*EXERCISE*. Pictures aside, return every line below exactly as written.

*RECORDED INFORMATION*.
****************************************

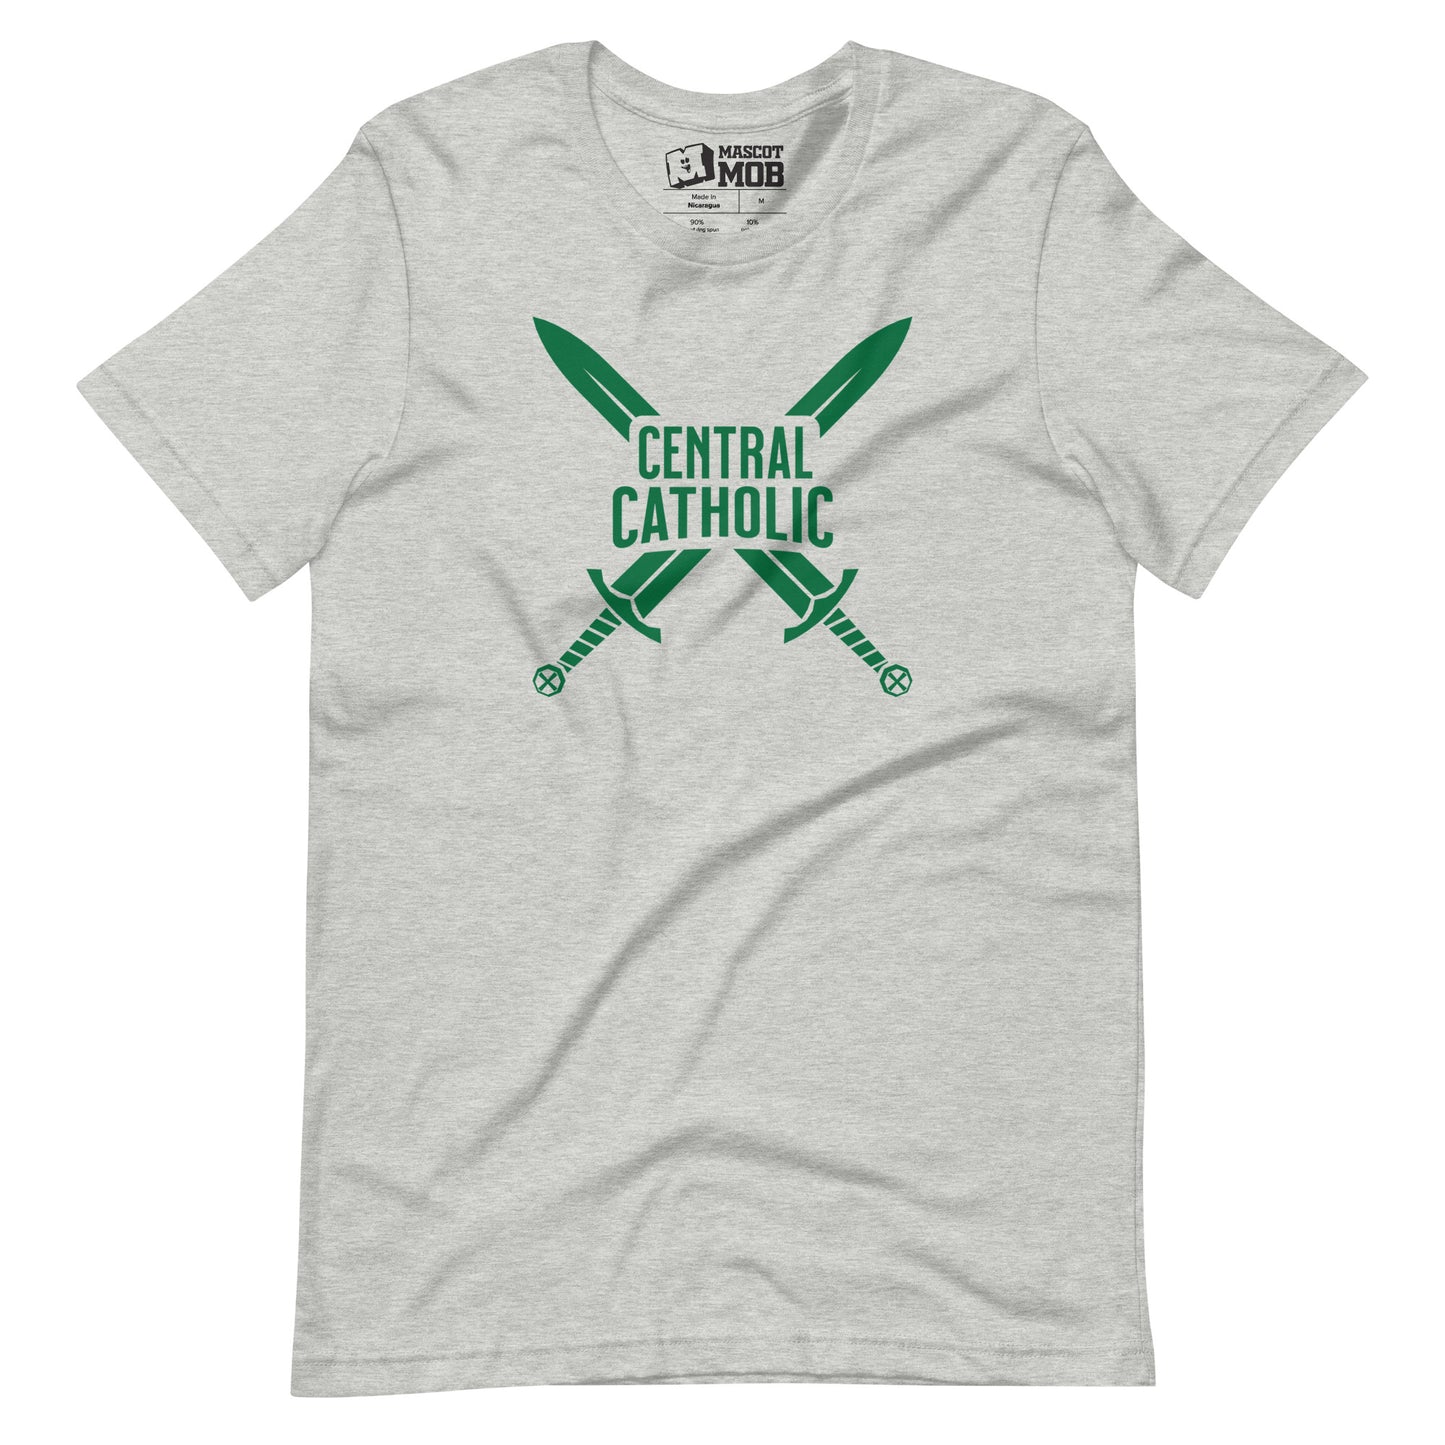 Central Catholic Unisex t-shirt
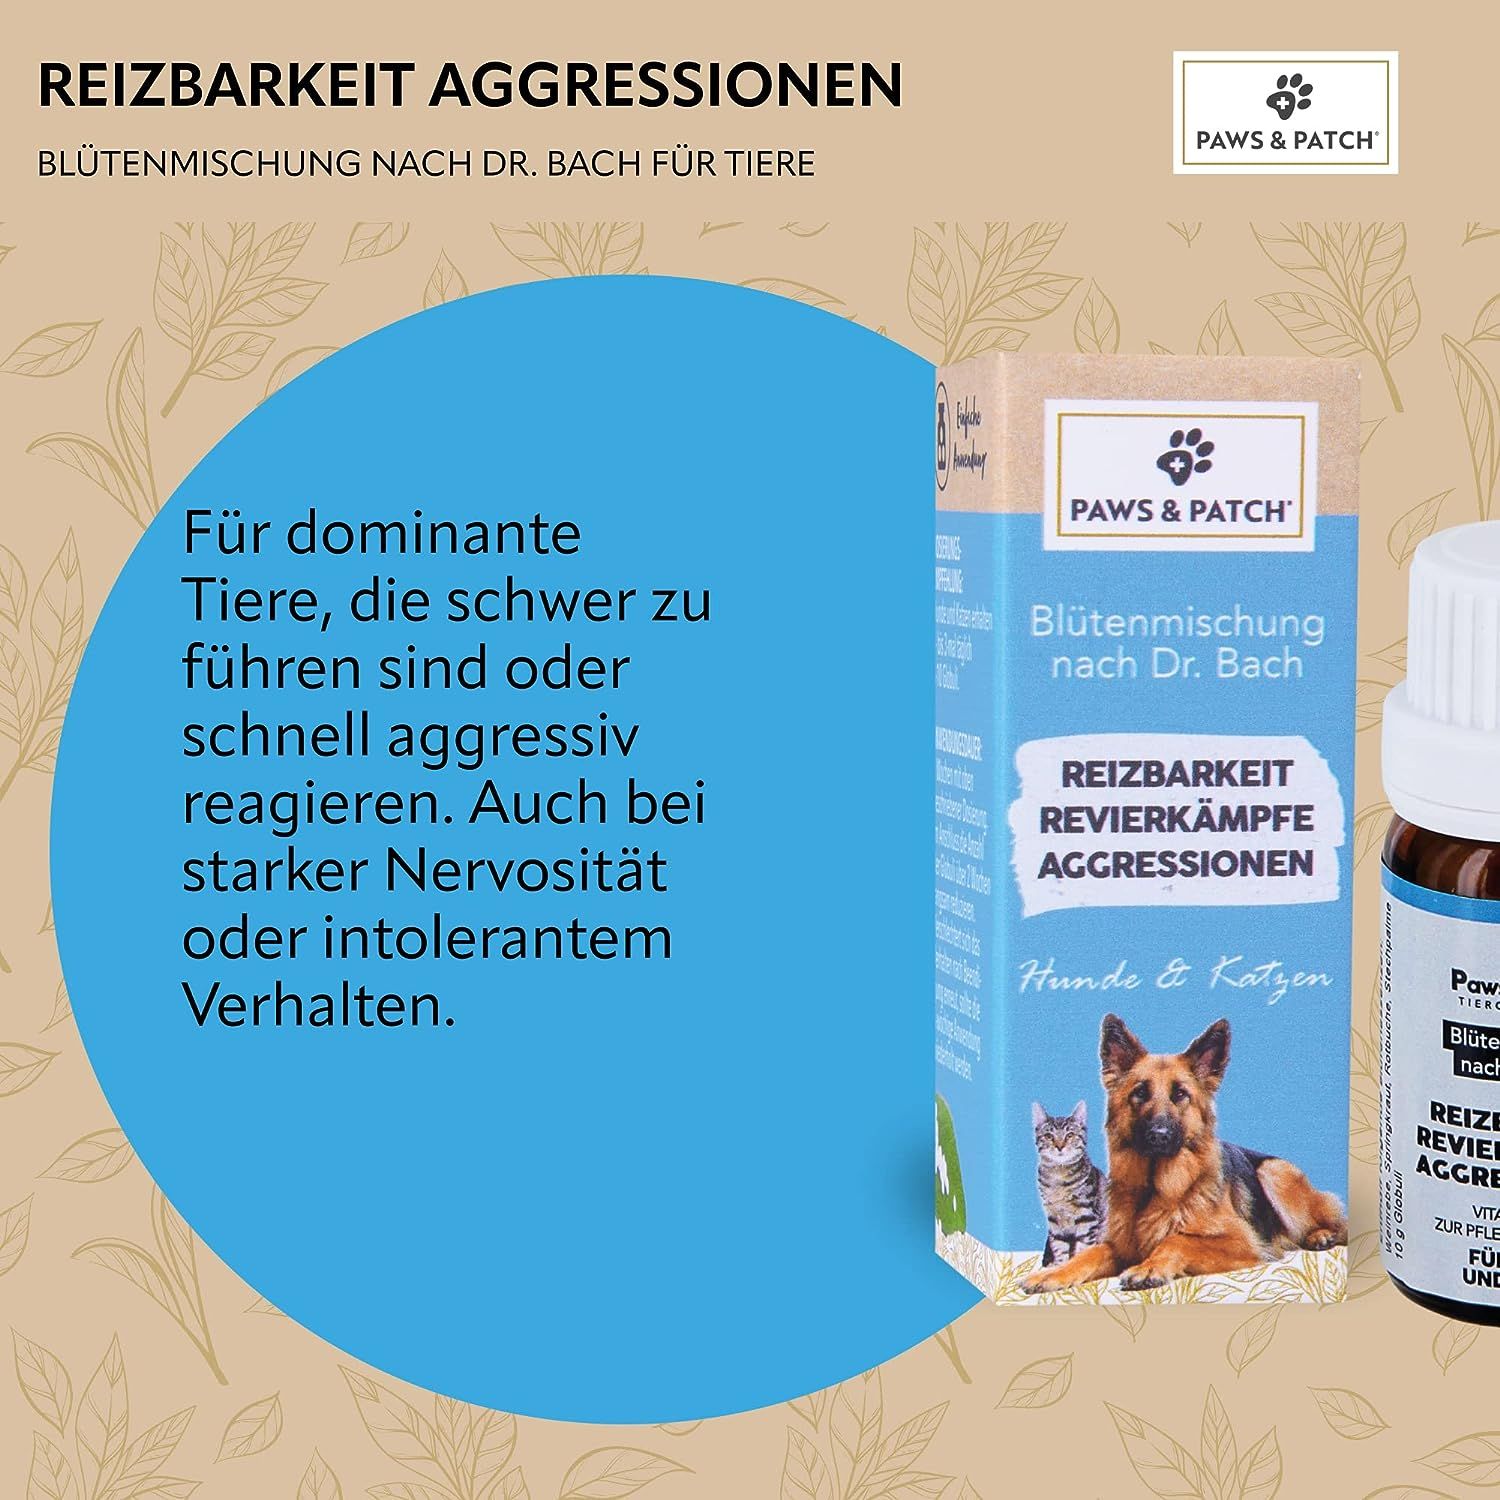 PAWS&PATCH Blütenmischung nach Dr. Bach REIZBARKEIT REVIERKÄMPFE AGGRESSIONEN für Hunde und Katzen
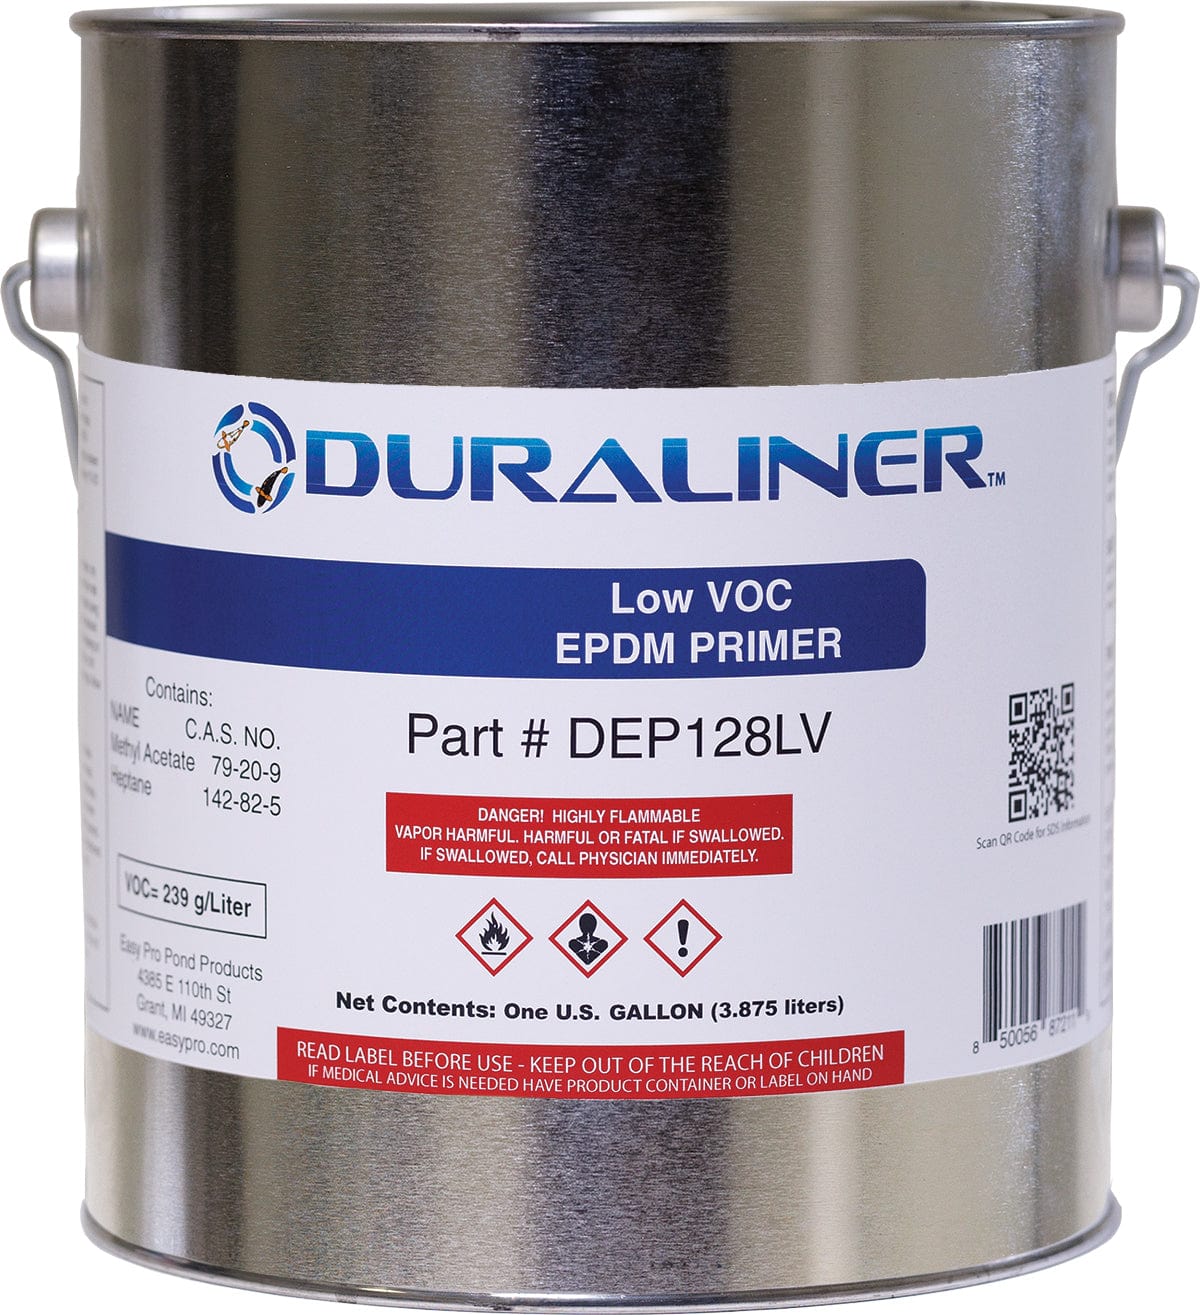 EasyPro Pond Liner and Accessories LVOC EPDM Primer- 1 gal. DuraLiner EPDM Primer

****************************************

*YOUR RESPONSE*.
 Central Catholic Unisex t-shirt
 PAWS&PATCH Blütenmischung nach Dr. Bach REIZBARKEIT REVIERKÄMPFE AGGRESSIONEN für Hunde und Katzen
 EasyPro Pond Liner and Accessories LVOC EPDM Primer- 1 gal. DuraLiner EPDM Primer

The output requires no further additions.